Again with the annoying commercials!

Some stoopid weight-loss compound has an ad where they are making all kinda claims, and some woman says, “We couldn’t say it if it wasn’t true!”

Oh, Deary-Dear!

Hell is the place where the beer bottles all have holes in the bottom, and the girls don’t.

Nerdwallet jumping on the dumb song bandwagon.

Popeyes, “We don’t make sense, we make chicken.”

Jack-in-the-Box has a new ad for their wraps. “So if one of your resolutions is to pay less and eat healthy… ish, we’ve got you covered.”

Hmmm, that “ish” is doing a lot of work.

Makes more sense than that froofy tequila (1896? 1984? some date name) tagline. “Taste is not an option!” Sure, the commercial goes on to clarify with something to the effect of ‘it’s the only thing’ but that is not is not the sticky tagline.

After the “baby hear, baby say” commercial, I understand.

The ad writers at Liberty Mutual have a running web search on “firearms violation” reports to see which of them wins the bet for who can be first to provoke a use of the Elvis Remote Control.

Air bnb commercial… static picture of a lake with ducks flying overhead and quacking. Do ducks quack while flying? I guess where some ducks are flying others are on the ground.

Static picture man on dock yelling, “I need everybody to quiet down and pay attention…”

Who’s he talking to, the ducks? 'Cause they’re the only ones there making noise.

Guy then yells, “CANNONBALL!” Series of static pictures shows guy run and jump off end of dock - except he does NOT do a cannonball. He does a front flip.

I’m just puzzled by the whole ad strategy.

ro. I’m not really sure what it is, but it comes in a little hypodermic needle that you stab into your gut. With that simple invasive procedure AND DIET AND EXERCISE you too can lose weight.

Is anyone else seeing what I’m seeing? Hey, how about just the diet and exercise and you skip stabbing yourself in the stomach every day? I can’t imagine what the instructions are …

Remove needle from packaging, sterilize injection area with alcohol, firmly jab the sharp, sharp, sharp metal needle into your fat rolls, now run five miles and eat a salad.

I bet it’s just a saline solution and it’s a huge grift.

I’m not exactly sure which commercial you are talking about - but if the hypodermic needle you jab into your gut once a week ( not daily) is Ozempic, Trulicity, Wegovy etc. my experience * is that you don’t “diet” in the sense that “diet” is ordinarily meant. Yes, you eat fewer calories but it’s not because you are consciously avoiding calories. It’s because those drugs suppress your appetite and slow digestion. It’s really easy to eat fewer calories when you don’t want to eat.
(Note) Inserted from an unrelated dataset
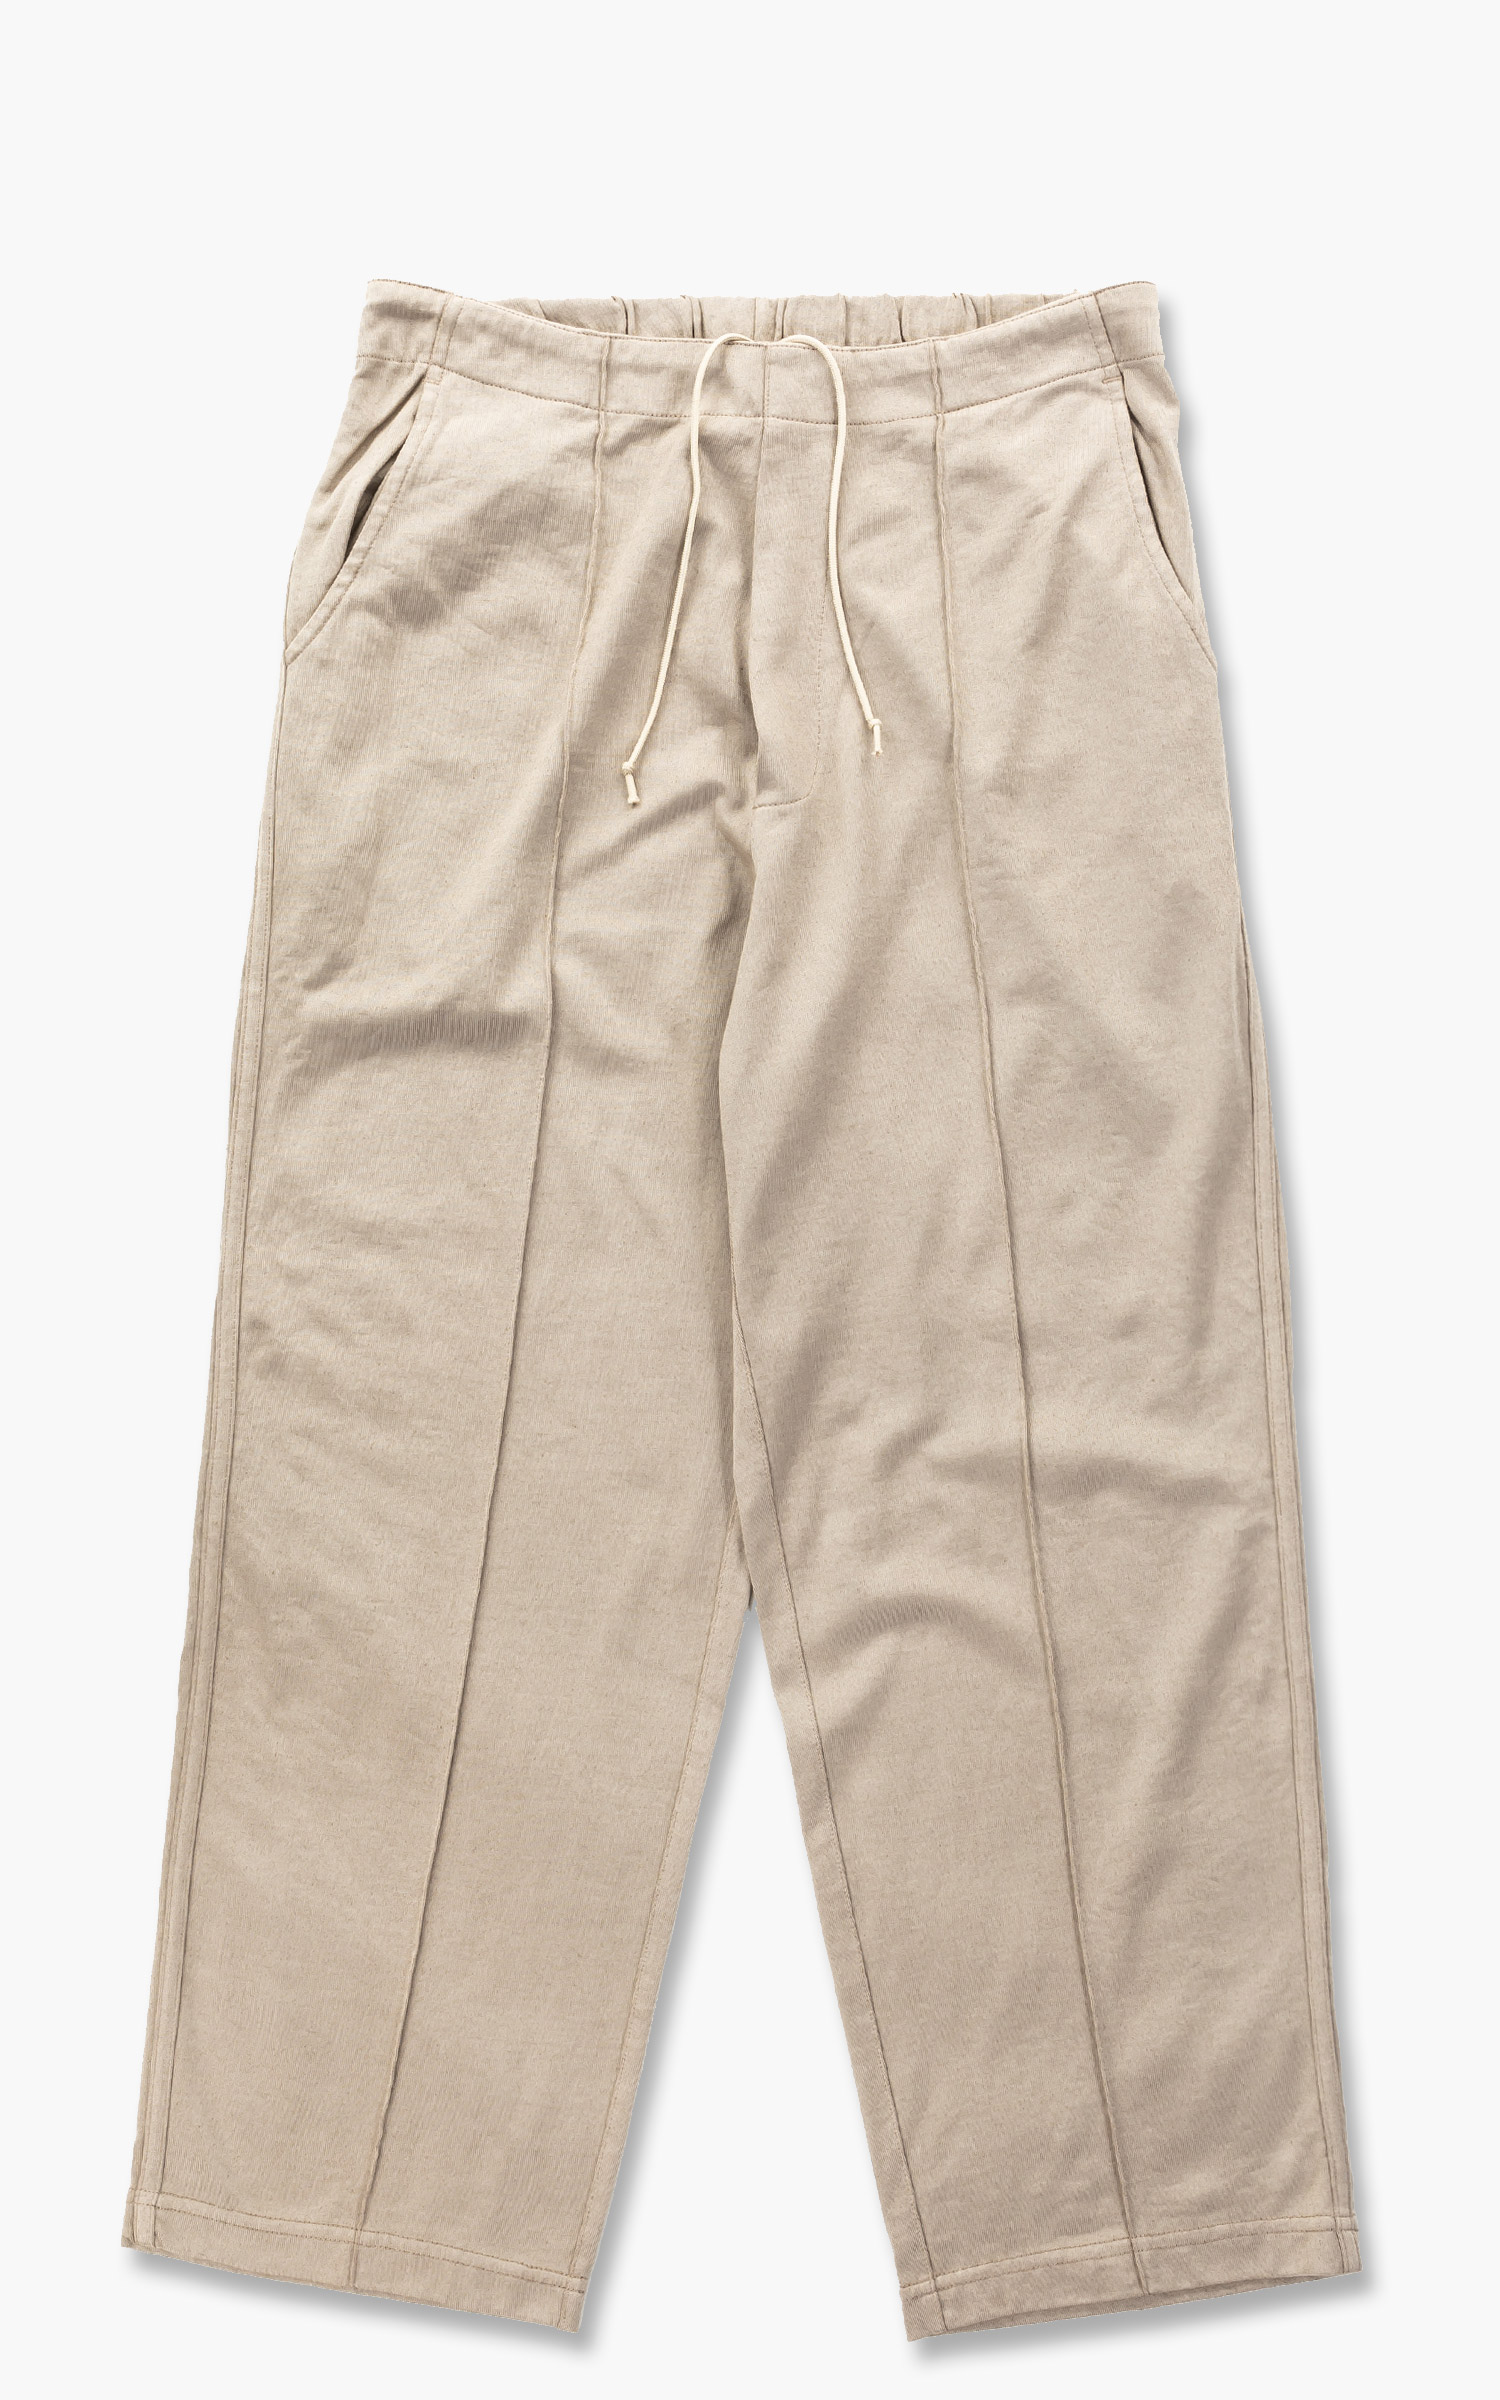 Lady White Co. Band Pant Creampearl

It’s much harder when you do want to eat.

* I take one, but I take it because I’m diabetic - the weight loss is just a bonus.

I laugh at the fact that every weight loss pill or fad diet commercial has the fine print “Significant weight loss may occur, when combined with a healthy diet and an exercise program.”

The Liberty Liberty Liberty folks are back with a new commercial - the ‘actor guy’ who flubs up requiring many takes is standing on stage attempting to say ‘Liberty’ and just spouting off endless nonsense sounds out of his mouth until I wish I could toss a rotten tomato right at his head. Even the stupid baby saying ‘Liberty’ as its first word is better than that. … At times in the past, the Emu was kind of amusing. I actually would like to see the Emu come back.

That looks to me like a test for BMI not a shot. If it’s the one I’m thinking about.

I think I found it. Not sure why I’d need to pay $145/month for ongoing care if my insurance is covering the medication.

Is that the commercial where the lady says she can’t believe the difference a tiny little prick can make? We always snicker.

The idiotic iPhone 15 singing outlet commercial drives me bonkers. Plays a lot during the NFL broadcasts.

It’s so sad! Just like that Ikea lamp commercial!

i did feel sorry for the lamp.

Yeah. We have wild ducks around that often nest in our complex. Two of them once flew by my living room windows, and they were quacking as they were flying.

It’s just a lamp! The new one is better!

The music tells you to be sorry.

I didn’t feel sorry for it but it still worked. Seemed like a waste of a perfectly functional lamp.